Random Maximum 2 Satisfiability Logic in Discrete Hopfield Neural Network Incorporating Improved Election Algorithm

Abstract

Real life logical rule is not always satisfiable in nature due to the redundant variable that represents the logical formulation. Thus, the intelligence system must be optimally governed to ensure the system can behave according to non-satisfiable structure that finds practical applications particularly in knowledge discovery tasks. In this paper, we a propose non-satisfiability logical rule that combines two sub-logical rules, namely Maximum 2 Satisfiability and Random 2 Satisfiability, that play a vital role in creating explainable artificial intelligence. Interestingly, the combination will result in the negative logical outcome where the cost function of the proposed logic is always more than zero. The proposed logical rule is implemented into Discrete Hopfield Neural Network by computing the cost function associated with each variable in Random 2 Satisfiability.

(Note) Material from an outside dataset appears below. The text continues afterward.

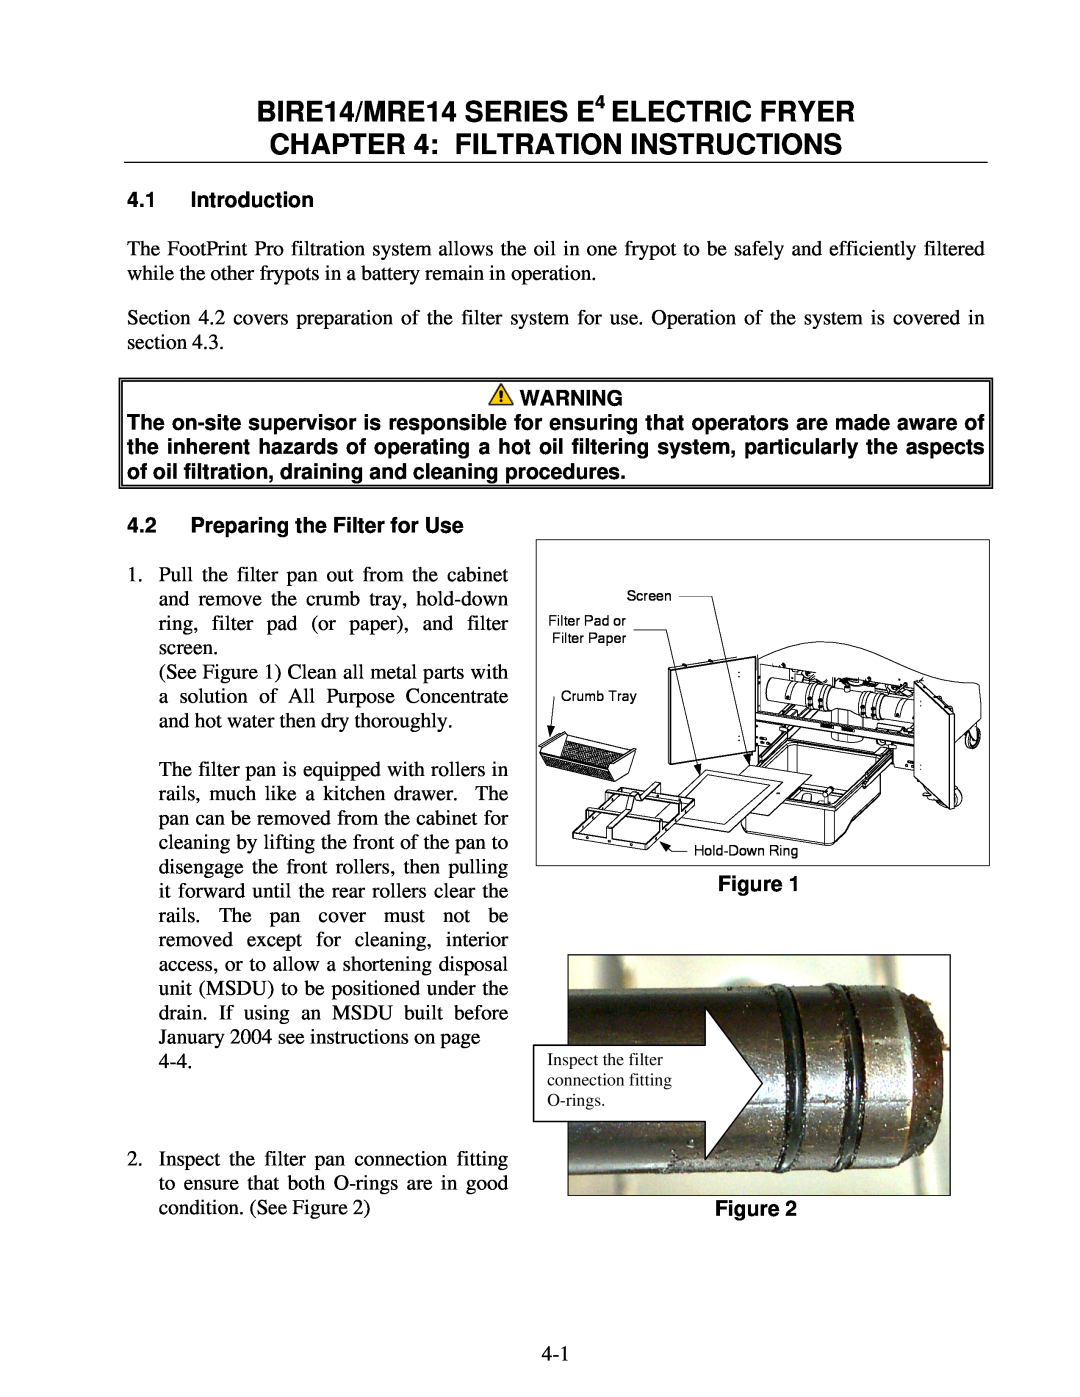 Frymaster warranty Filtration Instructions, BIRE14/MRE14 SERIES E4 ELECTRIC FRYER, 4.1Introduction

Since the proposed logical rule is difficult to be optimized during training phase of DHNN, Election Algorithm is implemented to find consistent interpretation that minimizes the cost function of the proposed logical rule. Election Algorithm has become the most popular optimization metaheuristic technique for resolving constraint optimization problems. The fundamental concepts of Election Algorithm are taken from socio-political phenomena which use new and efficient processes to produce the best outcome. The behavior of Random Maximum 2 Satisfiability in Discrete Hopfield Neural Network is investigated based on several performance metrics. The performance is compared between existing conventional methods with Genetic Algorithm and Election Algorithm. The results demonstrate that the proposed Random Maximum 2 Satisfiability can become the symbolic instruction in Discrete Hopfield Neural Network where Election Algorithm has performed as an effective training process of Discrete Hopfield Neural Network compared to Genetic Algorithm and Exhaustive Search.